# Rosemary Beach area 05/21/17



## robert jones (Oct 25, 2016)

Im headed down to the Rosemary beach area on 5/21 of this year.

I've fished Apalachicola many times, but don't know this area too well. Any advice?

Thank you!


----------



## Padre (Jul 29, 2016)

If you want a guide, stop into Old Florida Outfitters in Watercolor. They use Shallow Water Expeditions Guide service. There is plenty of back country fishing near there. Point Washington and West Bay. But you will need a boat or kayak. As far as Rosemary goes, it is right on the gulf. Depending on the time of the year, you can fish right off the beach for pompano or Spanish. When are you going to be here and what kind of fishing do you do?


----------



## robert jones (Oct 25, 2016)

Padre said:


> If you want a guide, stop into Old Florida Outfitters in Watercolor. They use Shallow Water Expeditions Guide service. There is plenty of back country fishing near there. Point Washington and West Bay. But you will need a boat or kayak. As far as Rosemary goes, it is right on the gulf. Depending on the time of the year, you can fish right off the beach for pompano or Spanish. When are you going to be here and what kind of fishing do you do?




Thank you for the reply!

The trip is 05/21/17

I will have a boat; a small 16' Key West. It's enough to fish back country and out in front of the beach, but things will have to be very smooth for me to safely go more than, say, a mile off.

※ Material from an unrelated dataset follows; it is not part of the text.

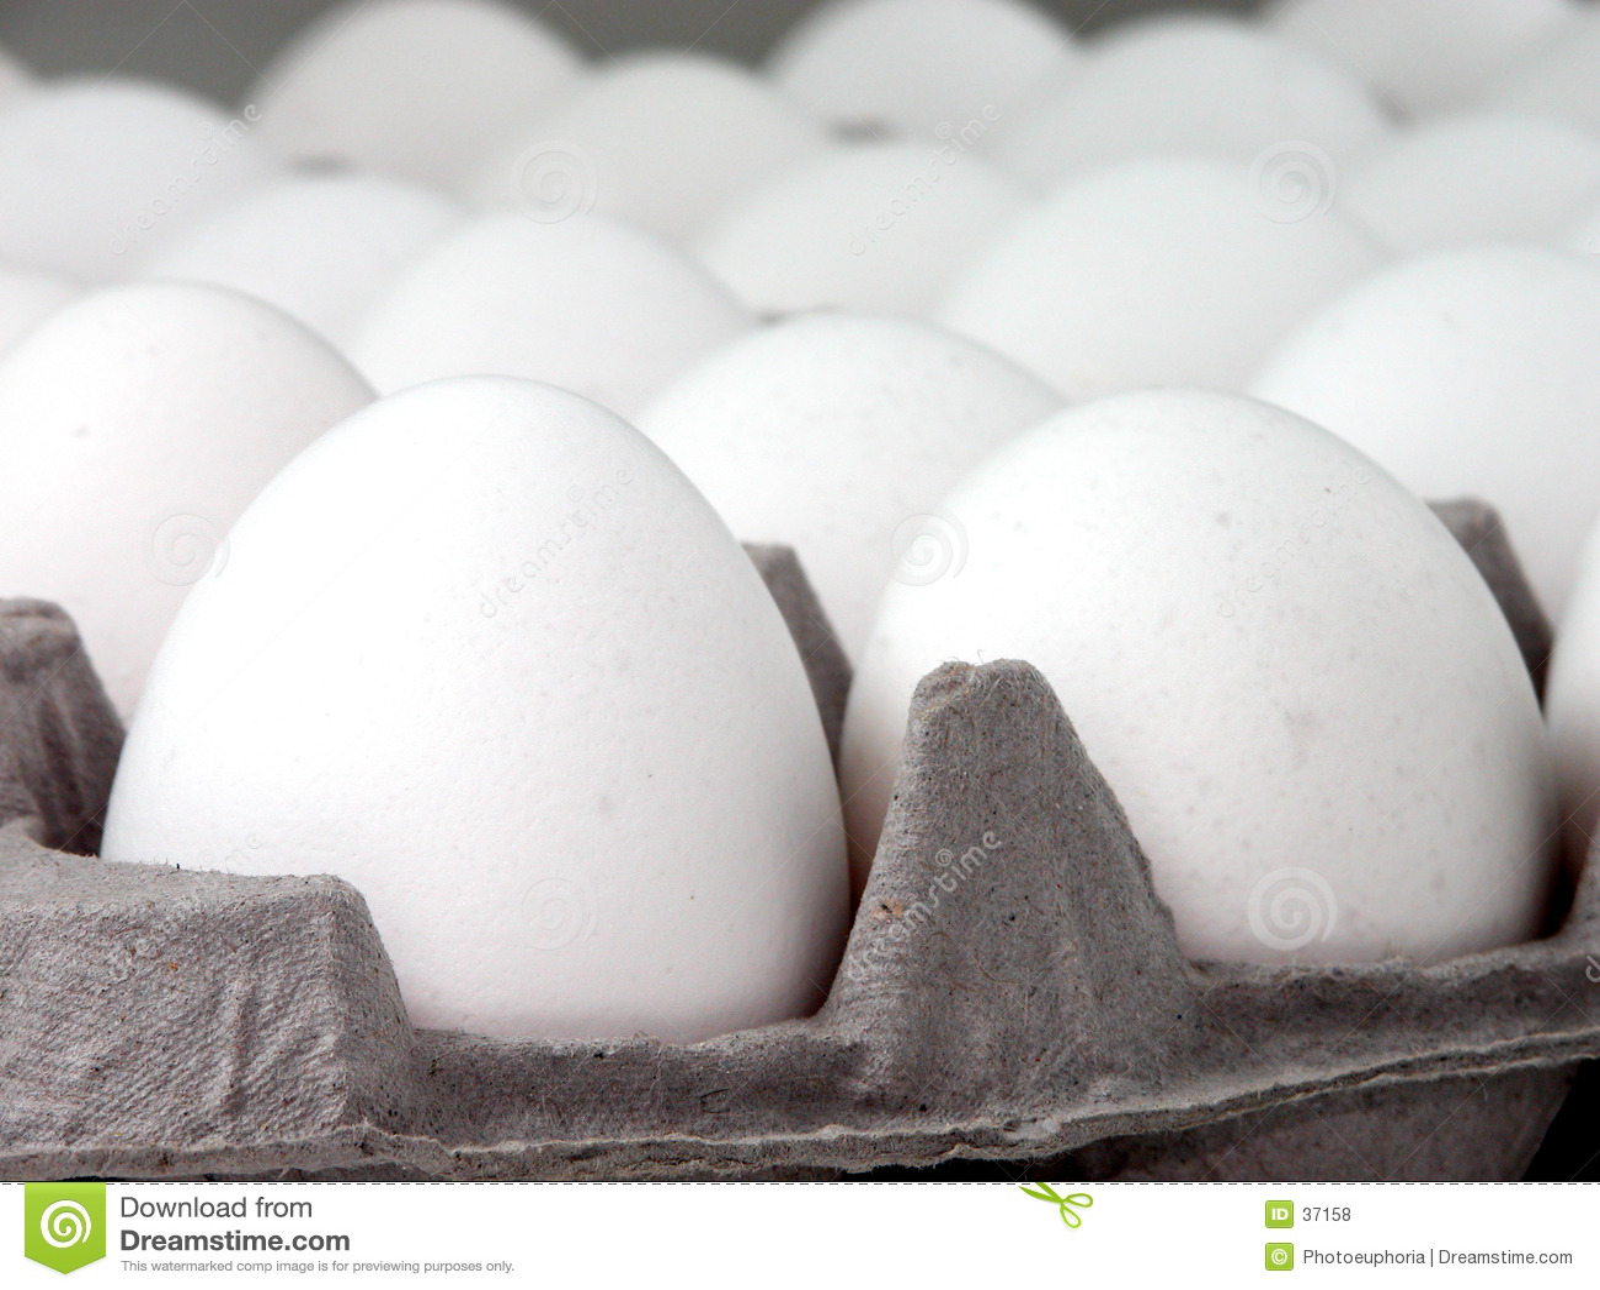 Food: Egg Close-up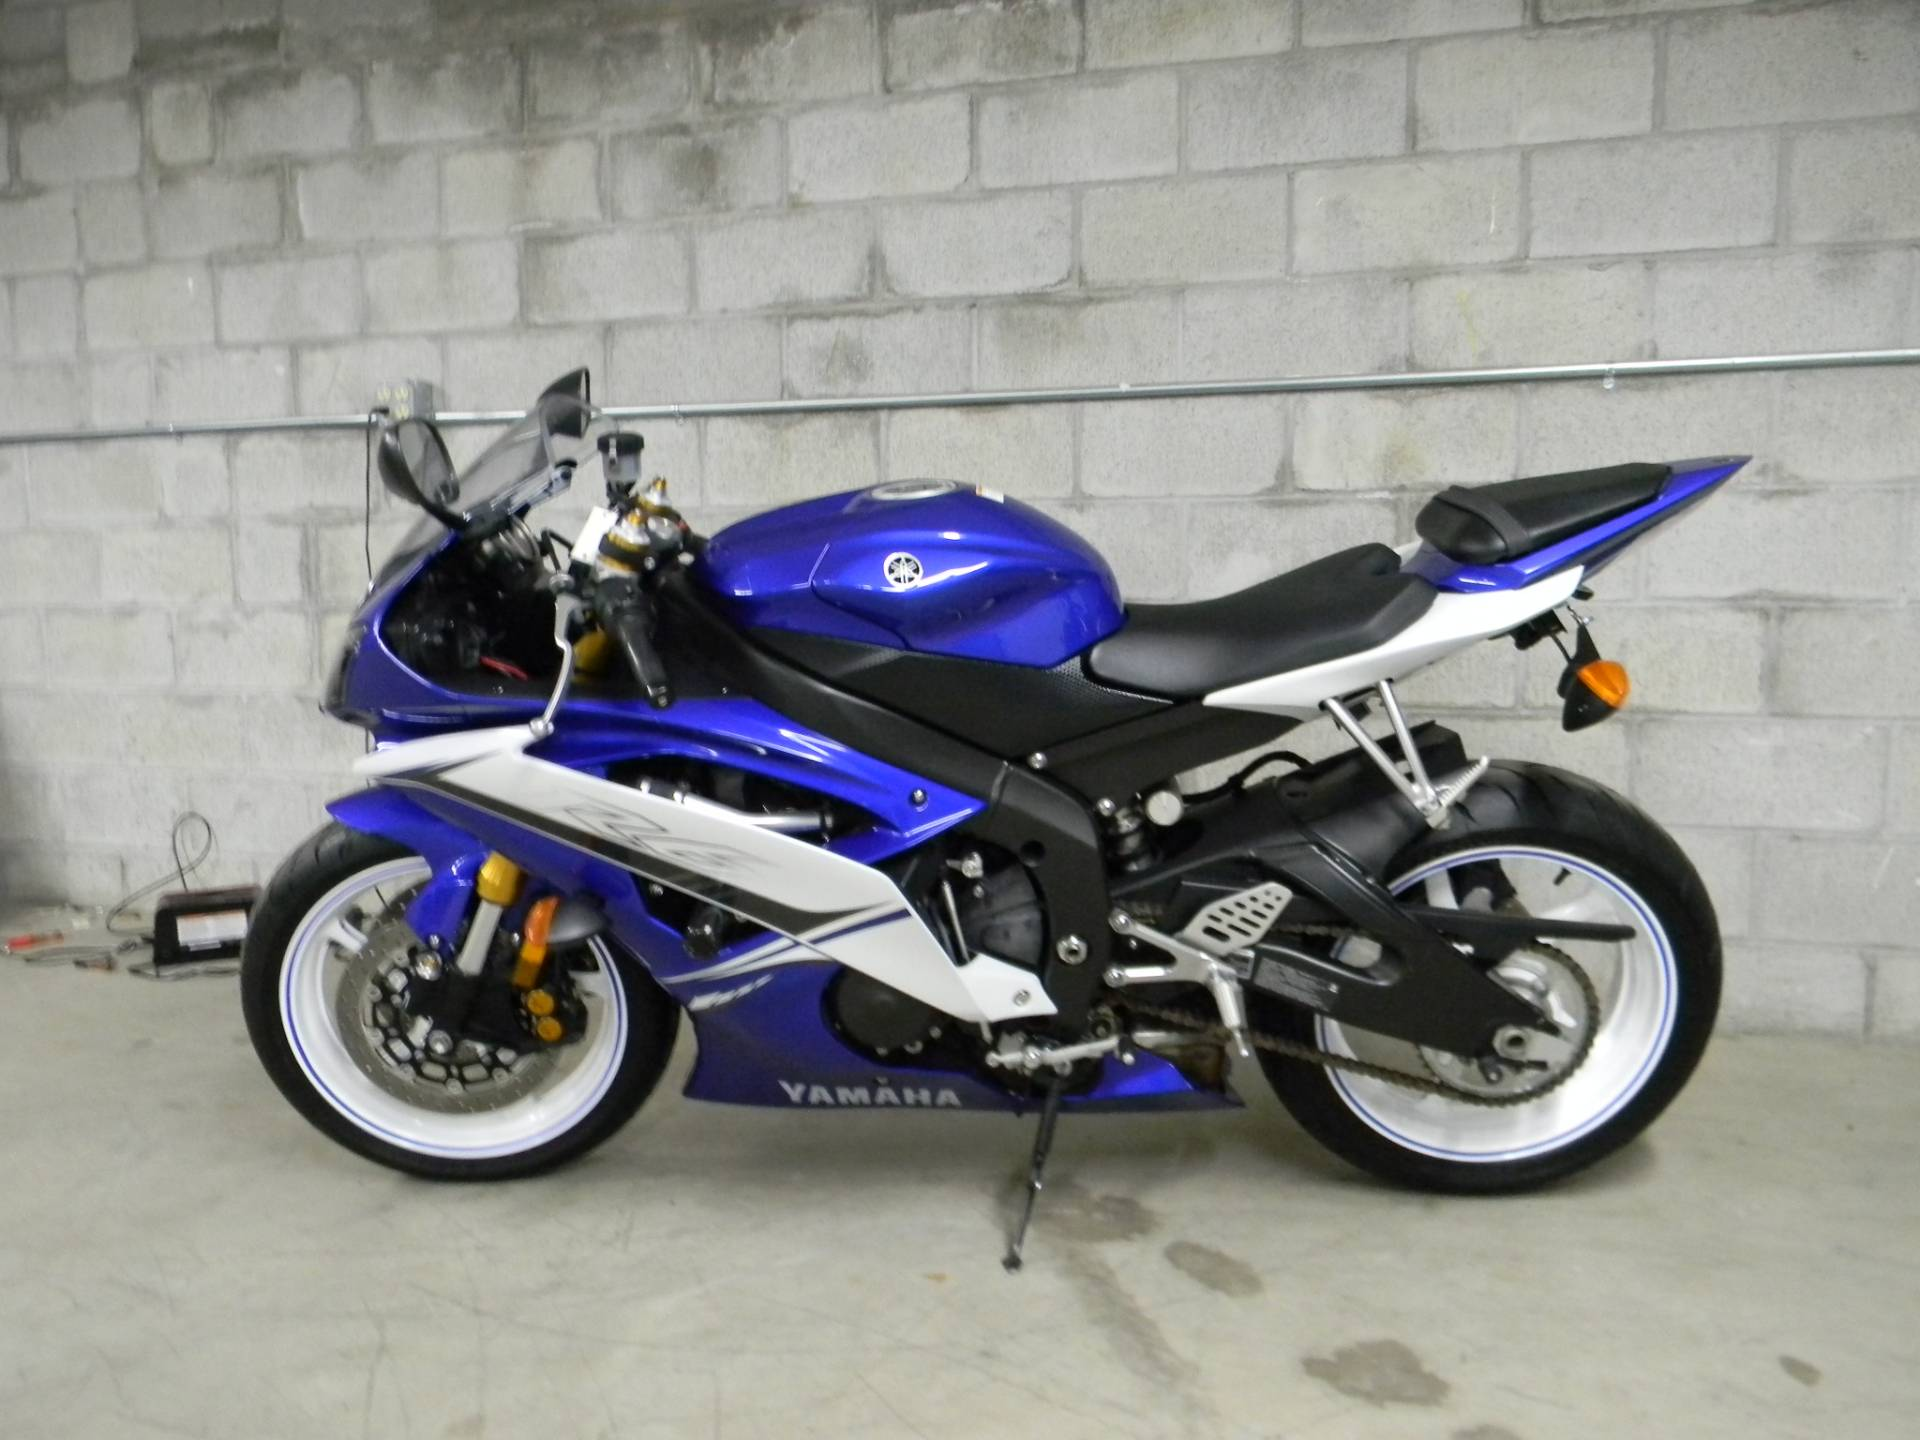 2011 Yamaha YZF-R6 5

I will want to fish for reds, bulls and puppies, tarpon if possible, and anything else that's accessible. I will honestly decide what I'm after based on the opportunity. Do you know of a service that sells reliable GPS coordinates or spots that may help with some local knowledge when at a new location?


----------



## Padre (Jul 29, 2016)

The 16' Key West will be hard to fish in the gulf unless you go ahead and launch it in Panama City or Destin as you won't be able to launch it off the beach. If you did launch in PCB or Destin, I would not want to ride all the way to Rosemary as you would be a good 20 miles away from the inlet, so if weather kicked up, you would have a long ride back. You could however, fish around the inlet. If I were you, I would fish in the back bay around Pt. Washington and the Choctawhatchee River. There is a great new (free) ramp and park under the new bridge of the 331 causeway. If you fish around the causeway, there are lots of big bulls, black drum and sheepshead around the causeway. Dropping down live bait around the pilings on a Carolina Rig. Plus from there you can fish around the mouth of the river, etc. If you decide to fish the gulf, stop into Half-Hitch tackle, either in Panama City Beach or Destin and they can give you numbers of public reefs.


----------



## robert jones (Oct 25, 2016)

Thank you so much!

This is great and hugely helpful.


----------